Fine-Tuning for Low-Resource Language Machine Translation Using Large Language Models Integrated with Dependency Parsing Rule
摘要
The loss of endangered languages is a severe threat to cultural heritage. Machine translation holds significant promise for documenting and preserving these languages. However, low-resource languages, such as Tujia, which lacks both parallel corpora and a standardized written form, pose substantial challenges for machine translation.
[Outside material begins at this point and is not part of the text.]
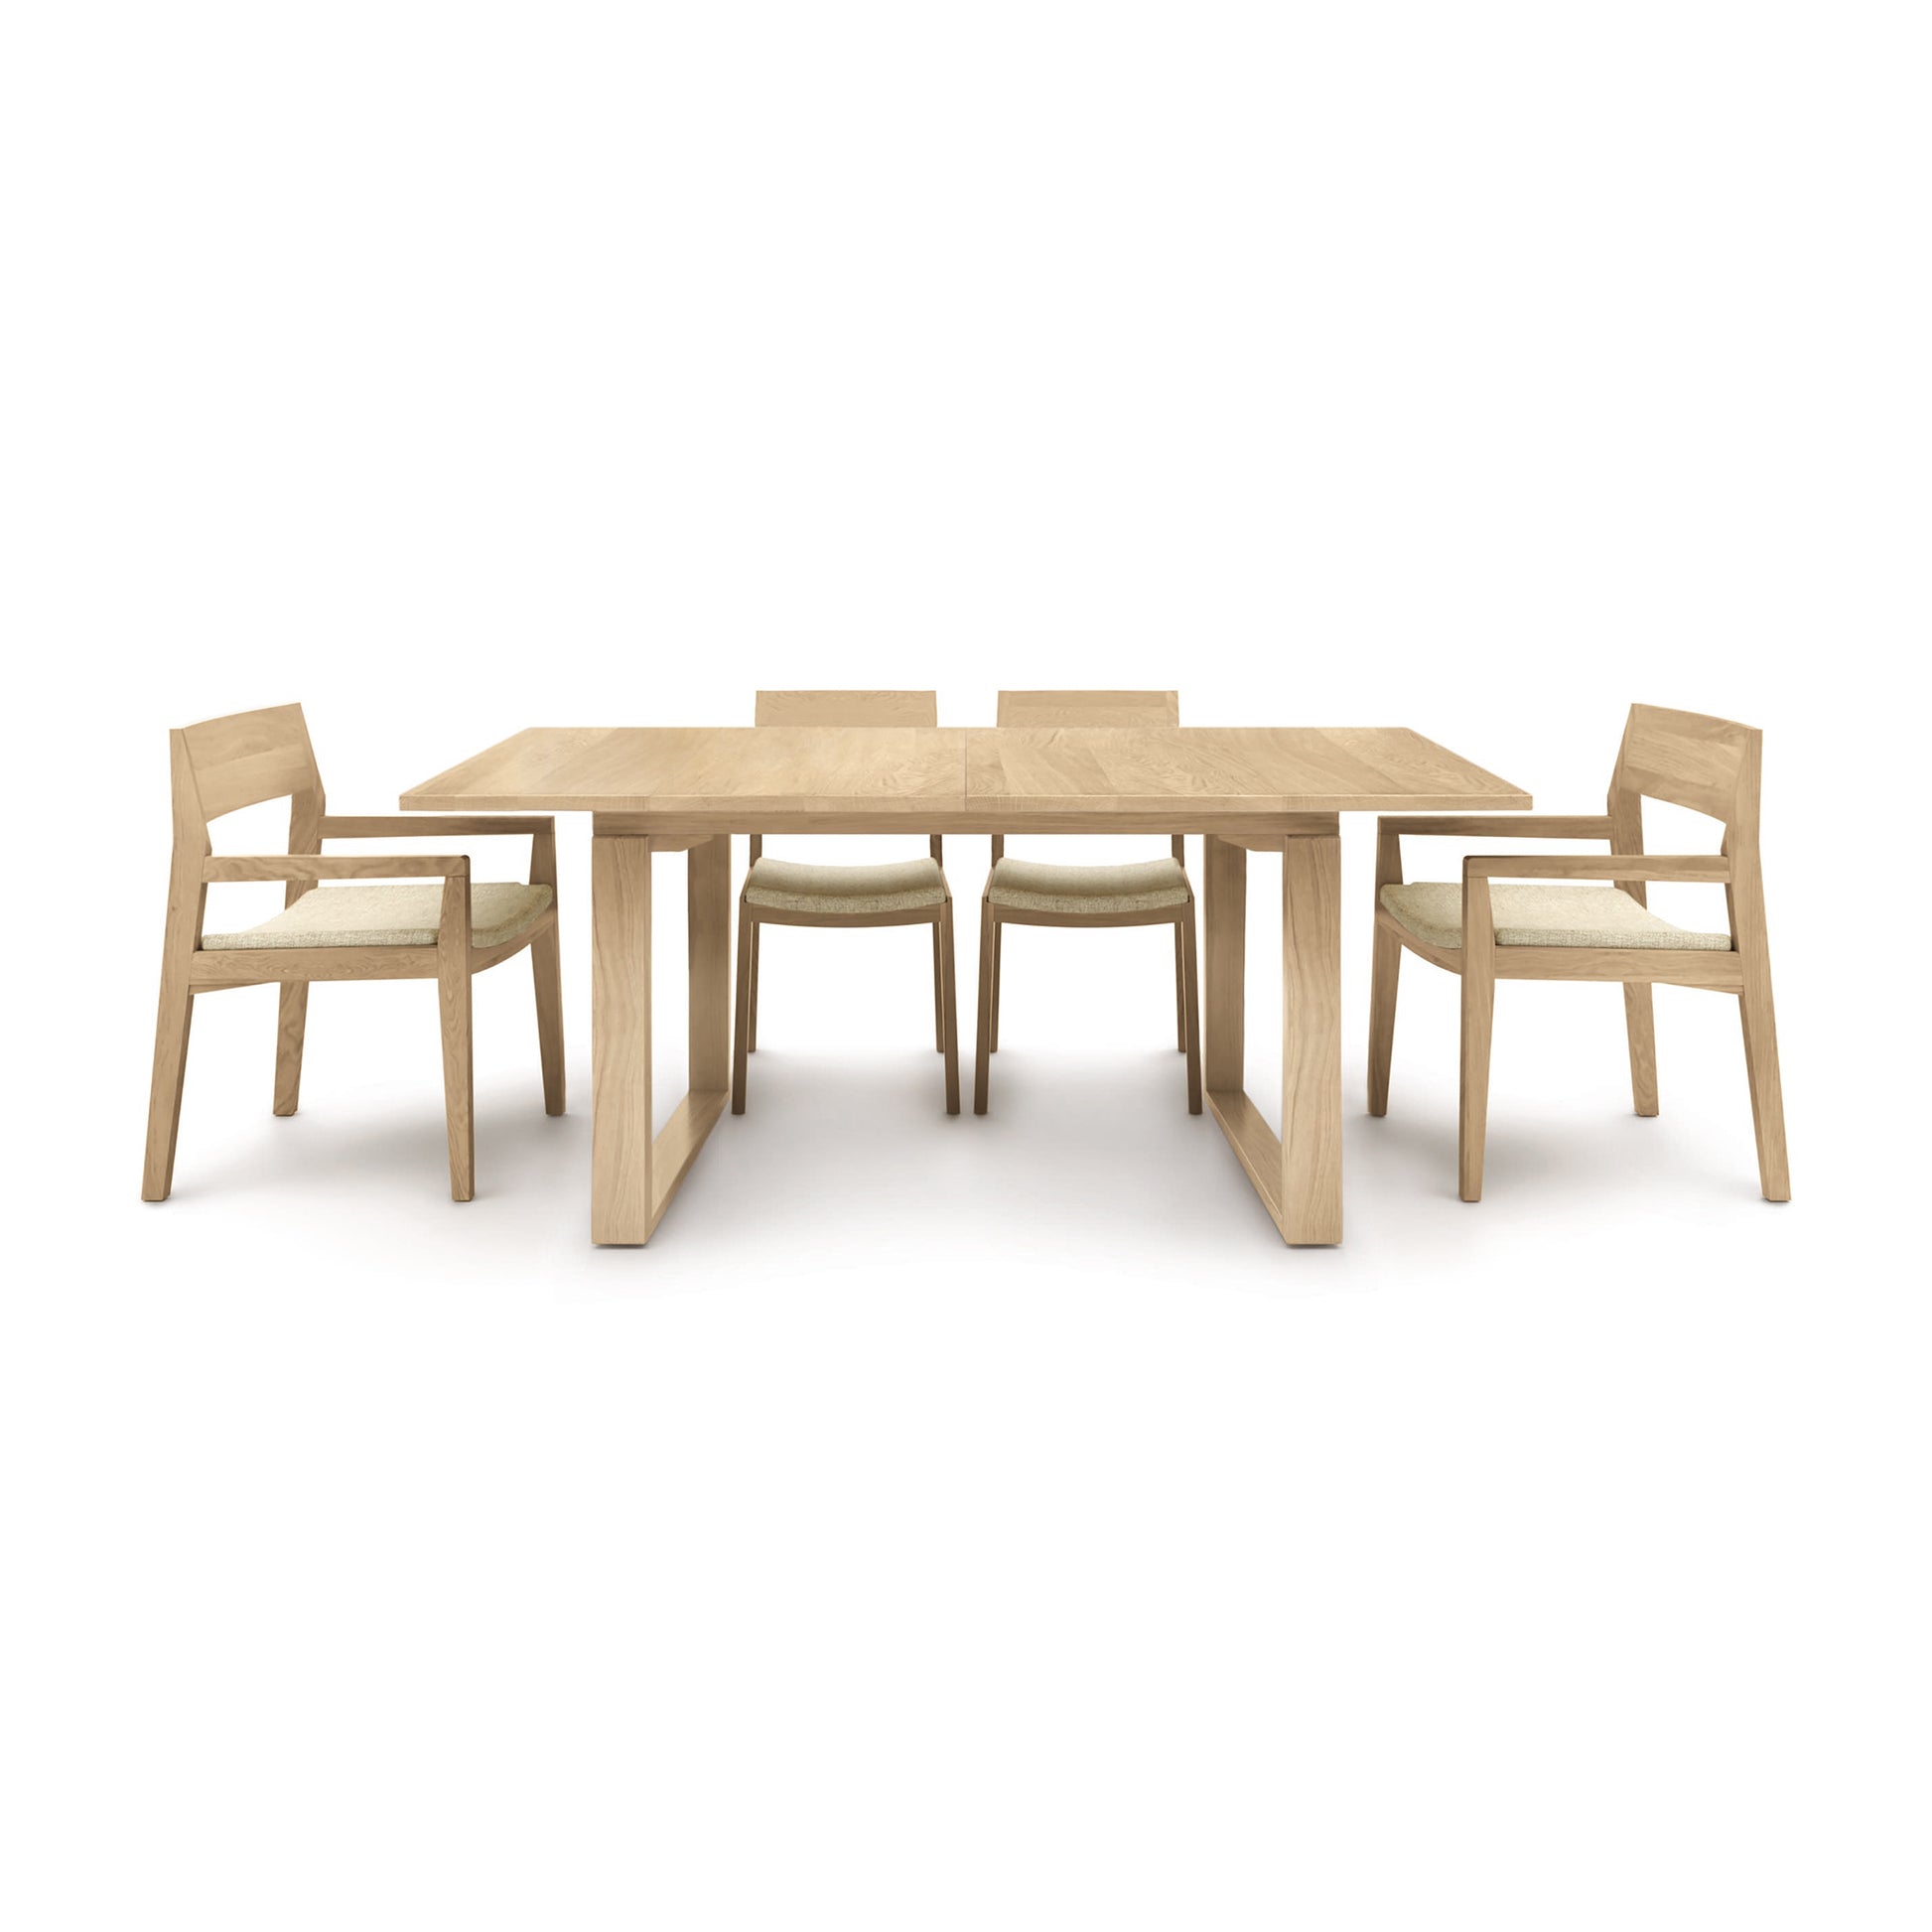 A Copeland Furniture Iso Extension Dining Table with four chairs on a white background.

In order to explore machine translation methods for low-resource language without written text, this paper takes Tujia as an example. First, we analyzed the grammatical and lexical correlations between Tujia and Chinese, constructing a Tujia dependency parsing treebank and structuring parsing knowledge. Second, in view of the low-resource and non-literate characteristics of Tujia, we applied knowledge transferred from Large Language Models (LLMs), designed prompt engineering, and fine-tuned the Llama and ChatGLM models. Dynamic dataset partitioning is employed, and translation quality is assessed using Translation Edit Rate (TER). Results indicated that the structured fine-tuning approach based on ChatGLM performed best, with LoRA fine-tuning yielding the most effective results. Incorporating dependency parsing rule into the structured instruction set significantly outperformed unstructured instruction fine-tuning, effectively mitigating the loss of grammatical information in unwritten languages and enhancing translation quality. Finally, we utilized the Llama. cpp framework to accelerate inference and improve model performance and practicality.